There is a scientific understanding of the arterial disease (which causes heart attack, stroke and dementia) that is not offered by mainstream medical care. New testing methods and technology enable the CureCenter to offer more individualized and effective treatments…

The true inflammation nature of arterial disease (which causes heart attack, stroke and dementia) is not the basis of mainstream medical care. New testing methods and technology enable the CureCenter to offer more individualized and effective treatments. 

Tests we perform and recommend not generally available from standard care include (but are not limited to):

  • Carotid Intima Media Thickness (CIMT) Testing: CIMT measures arterial wall thickness and documents atherosclerotic plaque stage and thickness. A thicker artery wall is an inflamed, older and sicker artery wall. This indicator of arterial inflammation predicts formation of atherosclerotic plaque and related events such as heart attack and stroke.
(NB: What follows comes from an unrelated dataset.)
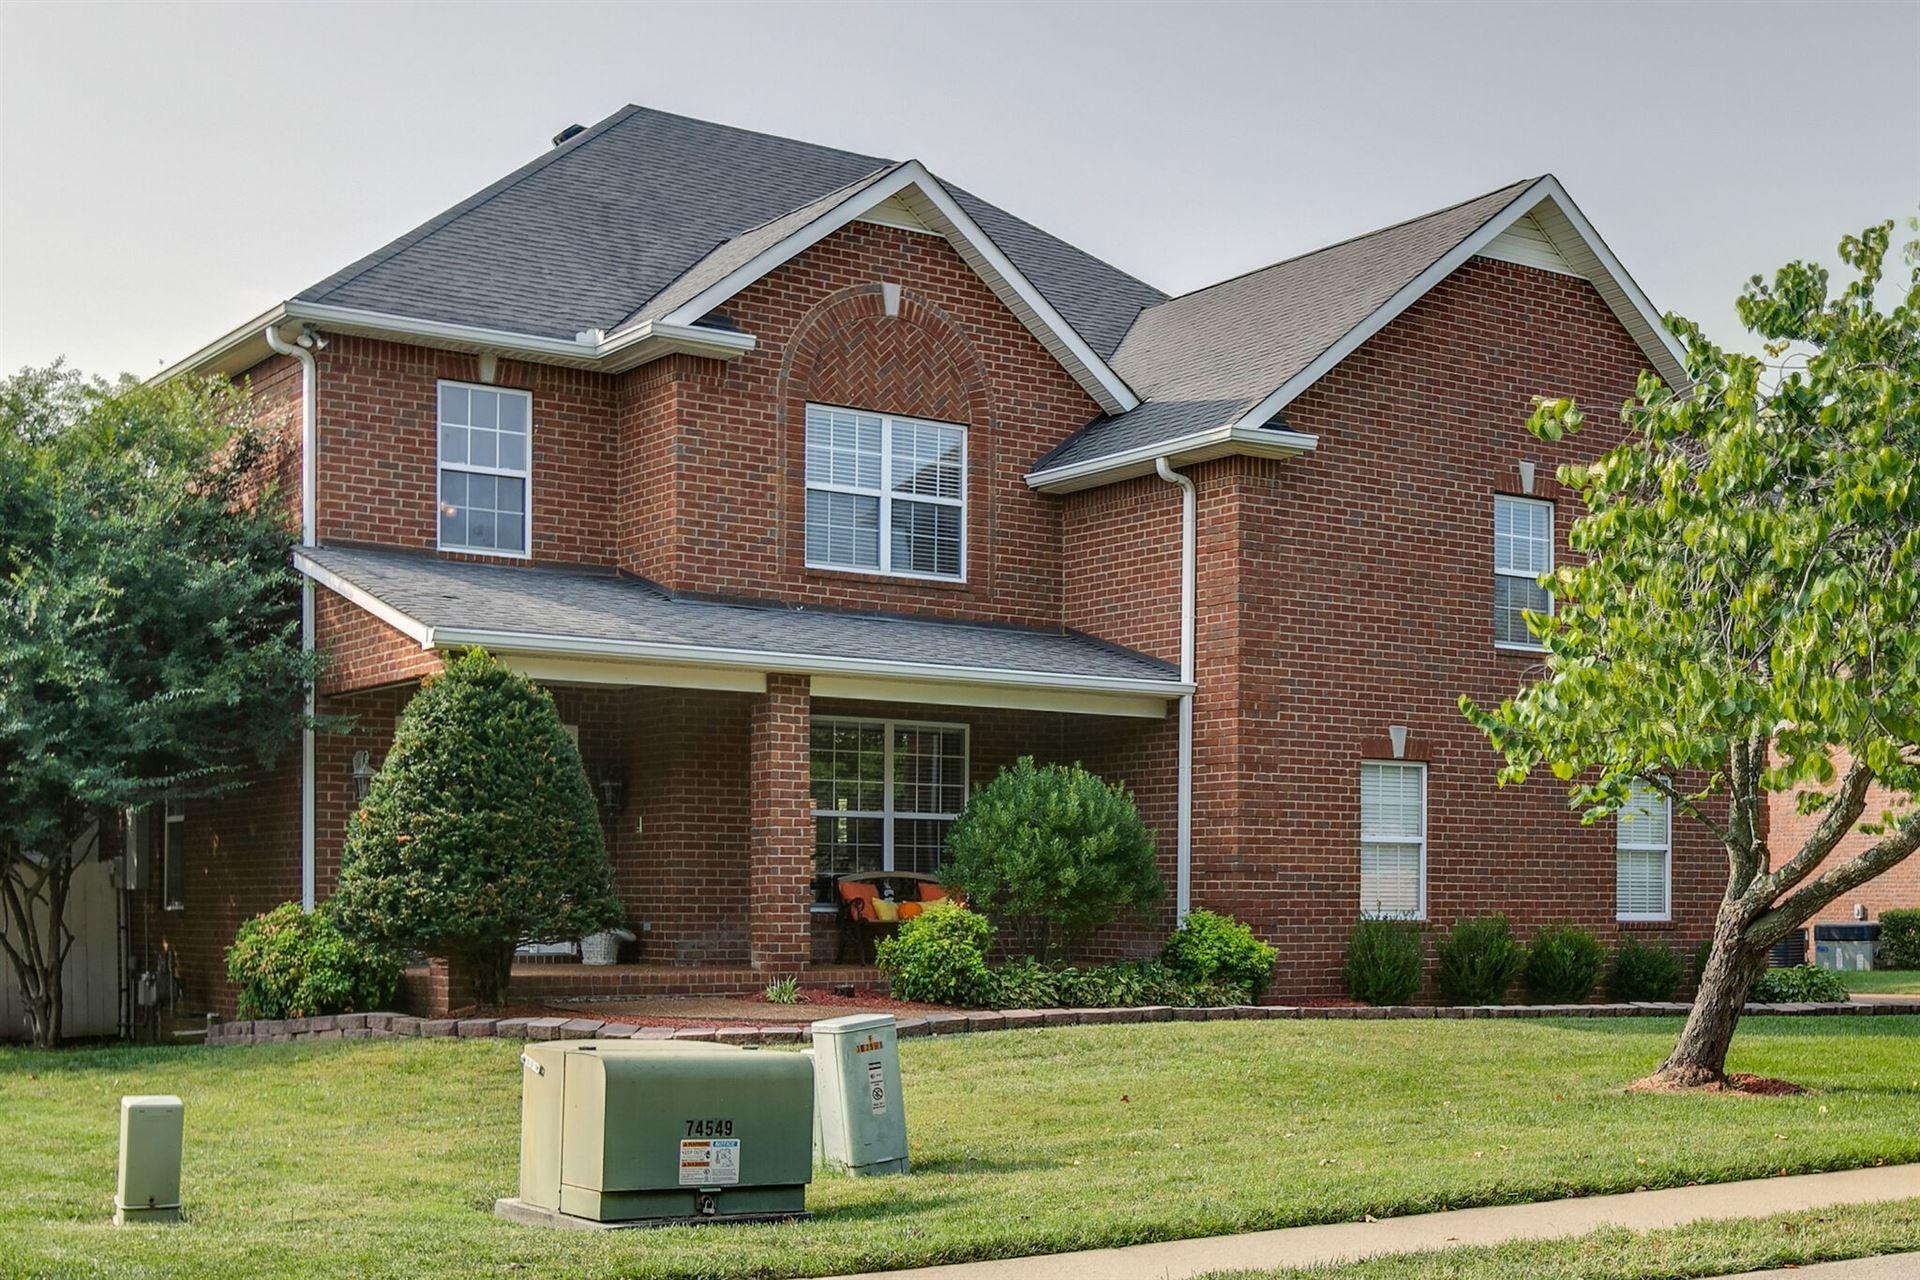 3023 Harrah Dr, Spring Hill, TN 37174 - MLS#: 2188145

    Arterial wall thickness (inflammation) is more relevant than luminal flow “blockage” in predicting new and unstable plaque formation. Unstable plaque rupture is the event we experience as a heart attack or stroke. This is more likely with new homogeneous unstable plaque. It becomes less likely as plaque becomes more homogeneous/healing and is minimal when plaque is calcified/healed/stable. Proactive optimal care can heal arterial disease and make your arteries healthier and younger with less risk of disability, death or need for rescue procedures.
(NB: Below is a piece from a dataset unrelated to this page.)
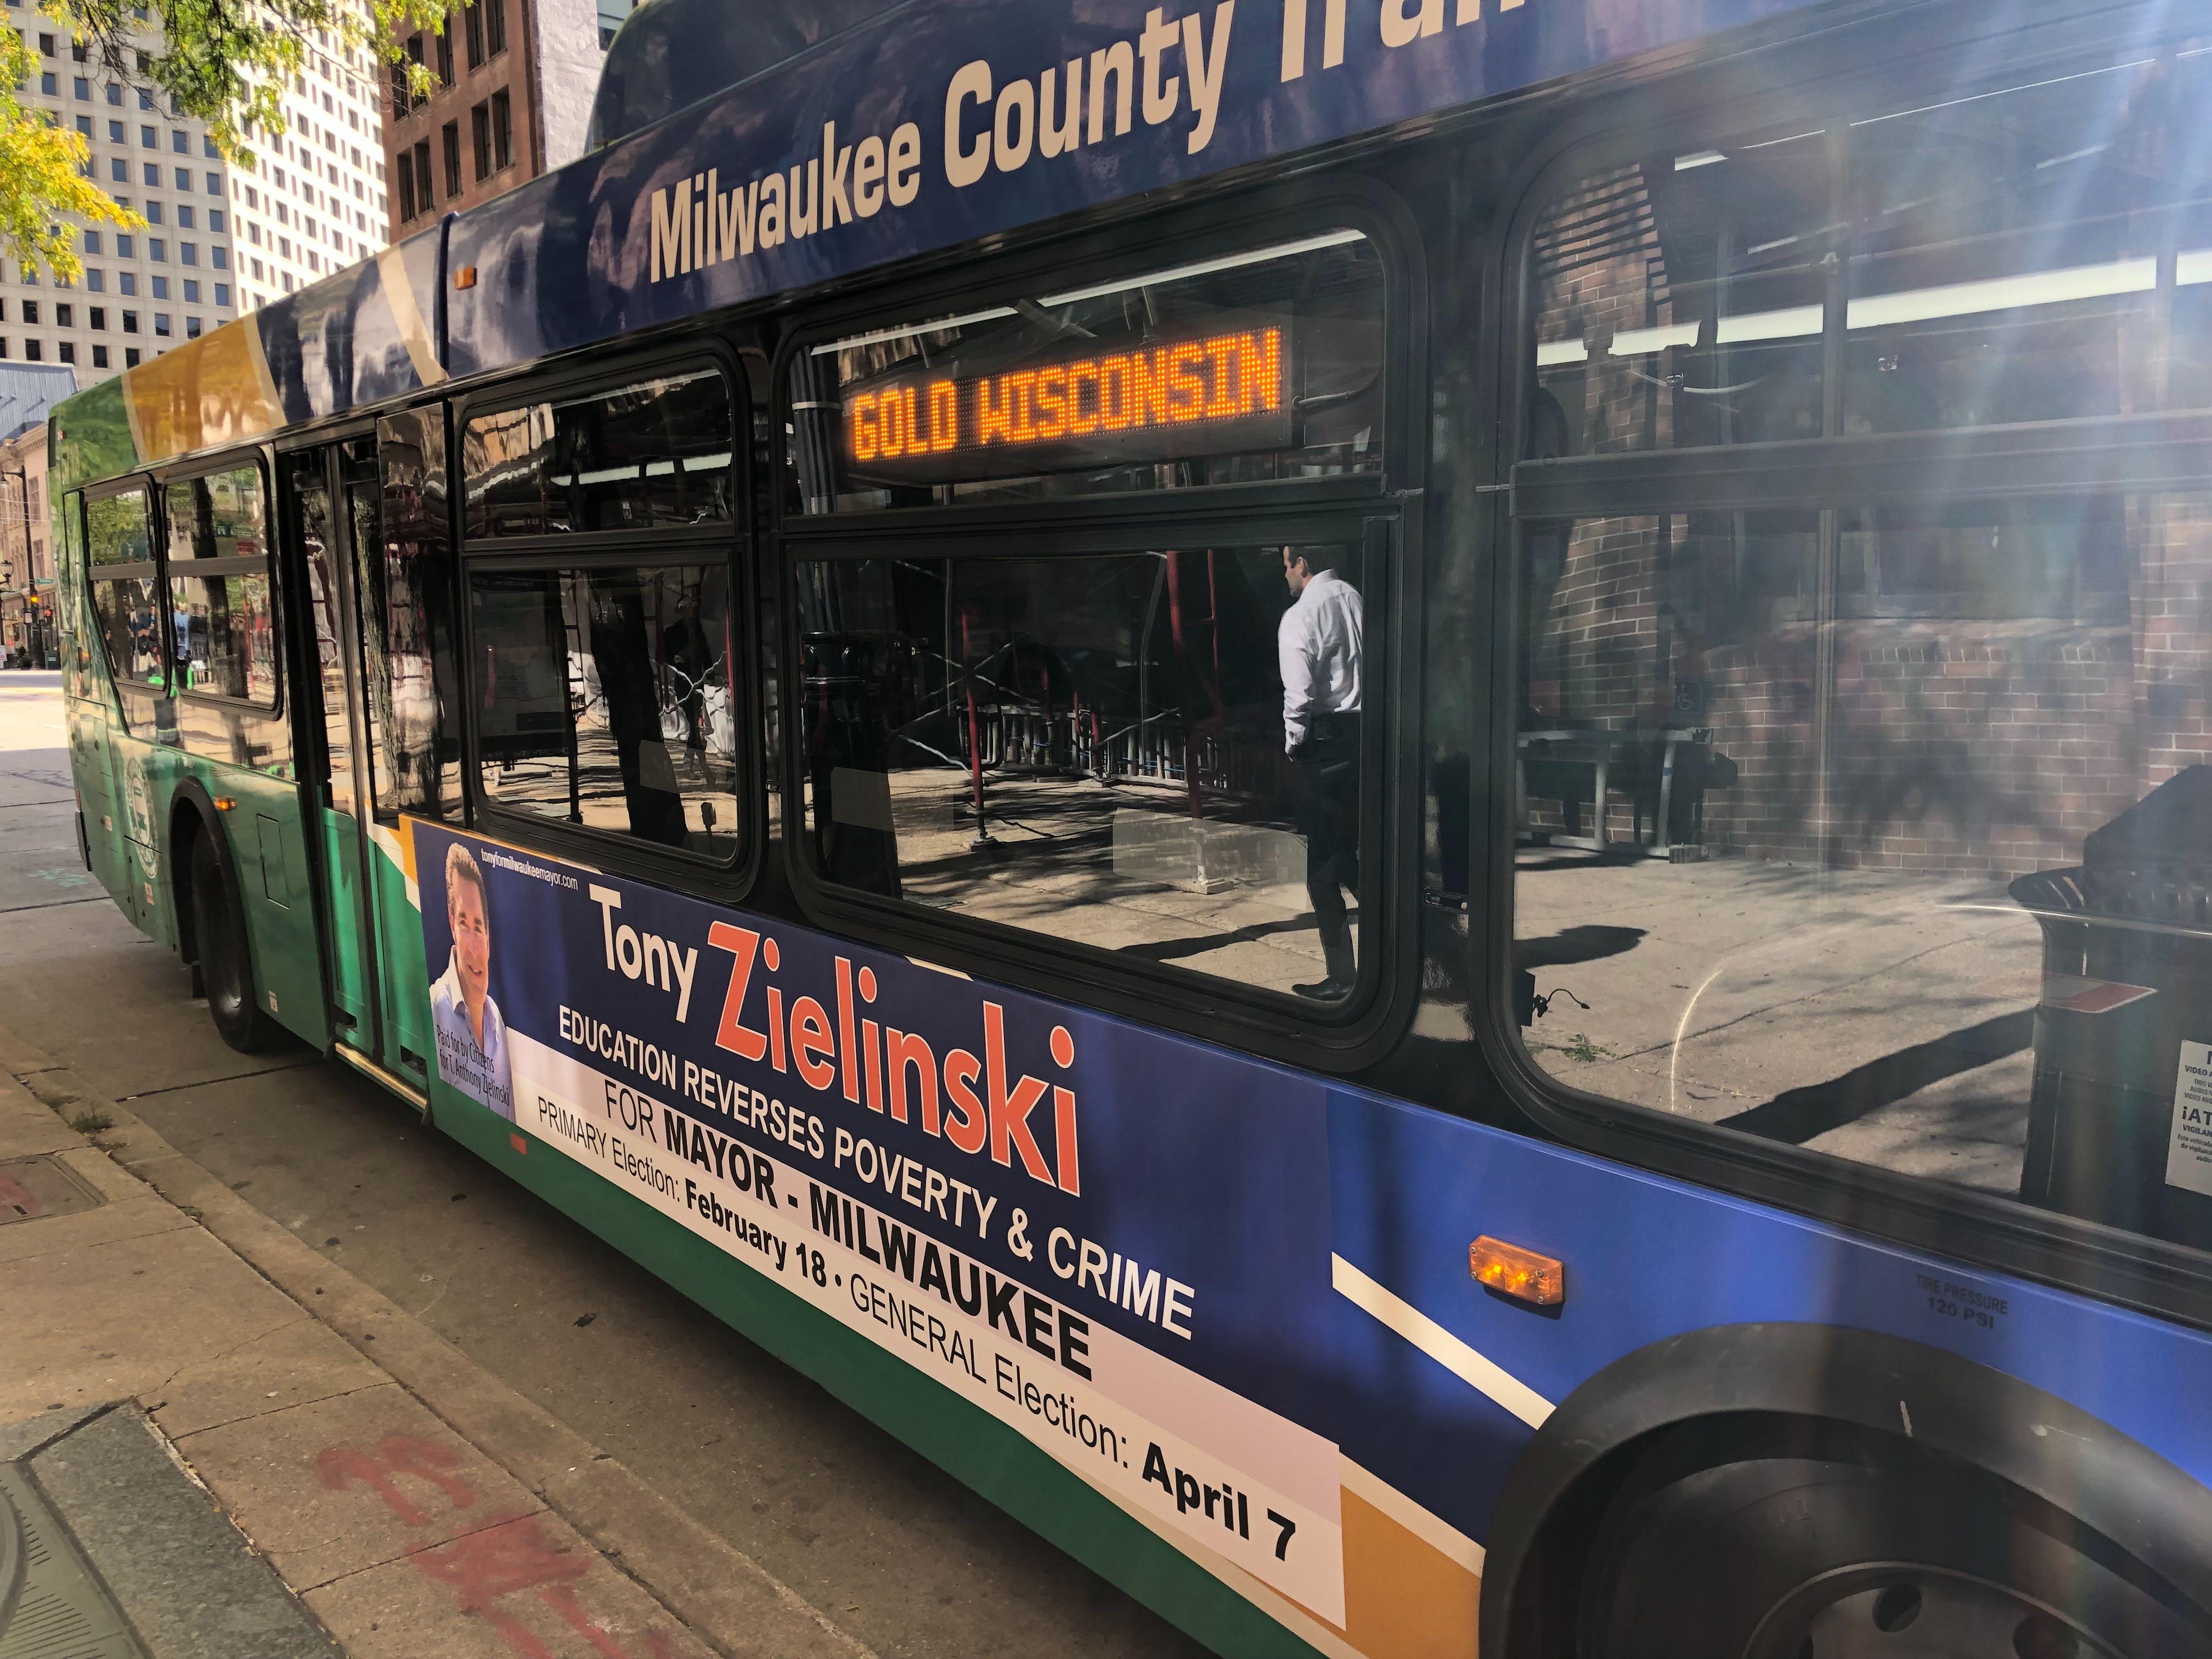 Tony Zielinski for Mayor bus ad. Photo by Jeramey Jannene.

  • Screening carotid ultrasound (CureScreen): This limited lower cost carotid ultrasound using point of care Butterfly iQ probe and system) is like a screening pap smear, mammogram or PSA to detect early cancer. If we find no disease, peace of mind is the benefit. If, however, even a little bit of arterial disease is found (like a little bit of cancer) the images can be sent for a CIMT report (see above) and then followed to make sure you are safer by following your CurePlan.

  • LpPLA2 (PLAC) Test: This enzyme rises when plaque and artery walls are inflamed or “hot.” You want your arteries to be “cool.” LpPLA2 drops with a less inflammatory diet, exercise, reduced insulin resistance, supplements (niacin, and bergamot and statins. It is a fire alarm or “meat thermometer.”

  • Myeloperoxidase (MPO): A rise in MPO should trigger a search for neutrophil involved inflammation, especially from the mouth. MPO indicates inflammation and erosion of the inner lining of the artery known as endothelium. A sudden rise should trigger a search for the inflammation that can cause arterial inflammation, leading to heart attack or stroke. Think of a caustic chemical spill inside your arteries. Like a skin abrasion, blood clots form and can occlude flow.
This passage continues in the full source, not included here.